CZYTAJ WIĘCEJ: RELACJA z wojny dzień po dniu
Niedziela, 23 października 2022 r.
20:54. W Chersoniu nie ma łączności, Rosjanie demontują infrastrukturę
W okupowanym Chersoniu nie ma lączności; pod pozorem prac konserwacyjnych Rosjanie demontują infrastrukturę - poinformował w niedzielę ukraiński parlamentarzysta Ołeksandr Fedyenko.
Chersoń nie ma teraz łączności, Rosjanie kłamią publicznie o jakoby prowadzonych w Chersoniu pracach konserwacyjnych. Sądząc po tym, co słyszę od kolegów, pracowników łączności, Rosjanie i zdrajcy niszczą infrastrukturę cyfrową, którą zagarnęli wcześniej. Demontują sprzęt, wywożą go za Dniepr, wycinają kable
— powiedział deputowany. Wyraził przekonanie, że celem tych działań jest maksymalne utrudnienie przywrócenia łączności, gdy Chersoń zostanie odbity przez armię ukraińską.
Może to też świadczyć o tym, że Rosjanie boją się, że gdy będą próbowali odeprzeć natarcie naszych sił zbrojnych na miasto, mieszkańcy będą informować armię ukraińską o ich lokalizacji i ruchach
— powiedział parlamentarzysta.
O próbach zablokowania łączności w Chersoniu poinformował w niedzielę także portal Sprotyw, utworzony przez Siły Operacji Specjalnych armii ukraińskiej. Podał on, że Rosjanie demontują aparaturę telekomunikacyjną z ośrodka telewizyjnego.

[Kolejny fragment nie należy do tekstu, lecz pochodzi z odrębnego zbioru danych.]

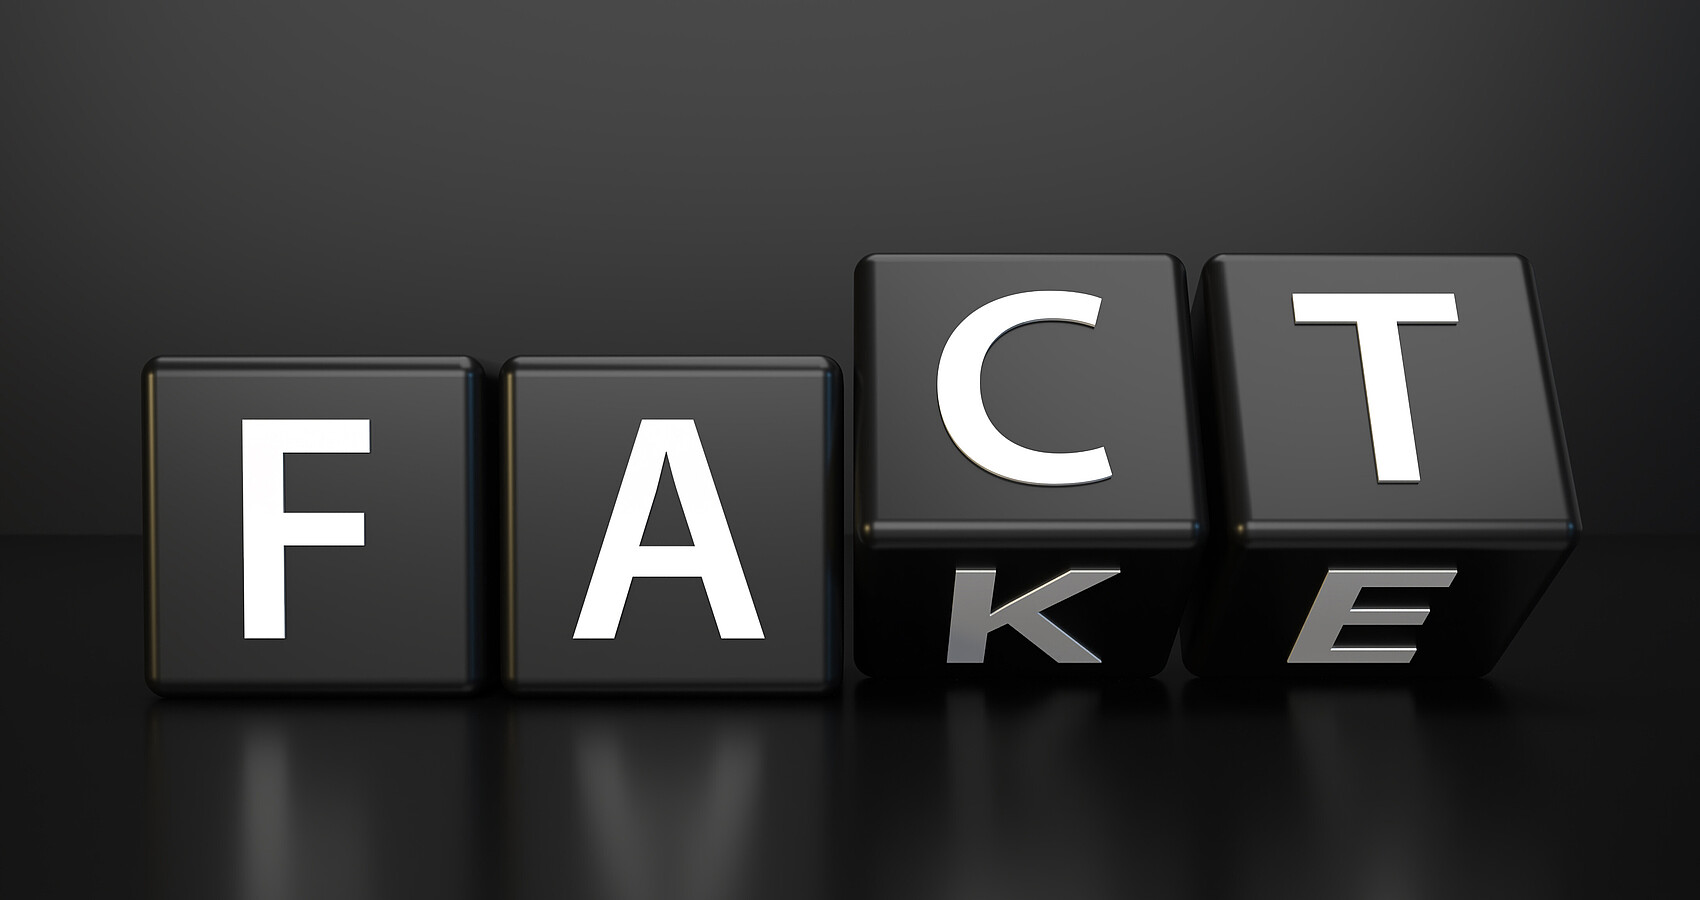 Schwarze Würfel mit Buchstaben bilden die Wörter "Fact" und "Fake".

W ten sposób Rosjanie próbują odizolować Chersoń od informacji, by nie pozwolić partyzantom na przekazywanie ich siłom zbrojnym Ukrainy podczas kontrofensywy
— ocenił portal
19:42. Doradca Zełenskiego: Nie ma żadnej „brudnej bomby”, to kolejne kłamstwo Rosji
Oskarżenia pod adresem Ukrainy o zamiar użycia „brudnej bomby” to kolejny „fake” i kłamstwo ze strony Rosji, podobne do poprzednich fałszywych oskarżeń - oświadczył w niedzielę Mychajło Podolak, doradca prezydenta Ukrainy Wołodymyra Zełenskiego.
Co słyszeliśmy wcześniej od Rosji? Oskarżenia o nazizm, o prace nad bronią jądrową, o szkolenie gołębi bojowych. To wszystko absolutna bzdura
— napisał Podolak na Twitterze.
Co słyszymy teraz? „Brudna bomba”, „wysadzenie tamy”. To też są kłamstwa
— dodał.
Nie ma żadnej „brudnej bomby”. Są tylko brudne próby usprawiedliwiania ludobójstwa (przez Rosję) poprzez nowy „fake”
— oświadczył doradca prezydenta.
Ze swej strony szef MSZ Ukrainy Dmytro Kułeba powiedział, że „Rosjanie często oskarżają innych o to, co sami planują” i również zarzucił Moskwie szerzenie fałszywych informacji.
Kłamstwo Rosji o rzekomych ukraińskich planach użycia +brudnej bomby+ jest równie absurdalne, co niebezpieczne
— napisał Kułeba na Twitterze. Podkreślił, że Ukraina „nie ma żadnych +brudnych bomb i nie planuje ich posiadać”.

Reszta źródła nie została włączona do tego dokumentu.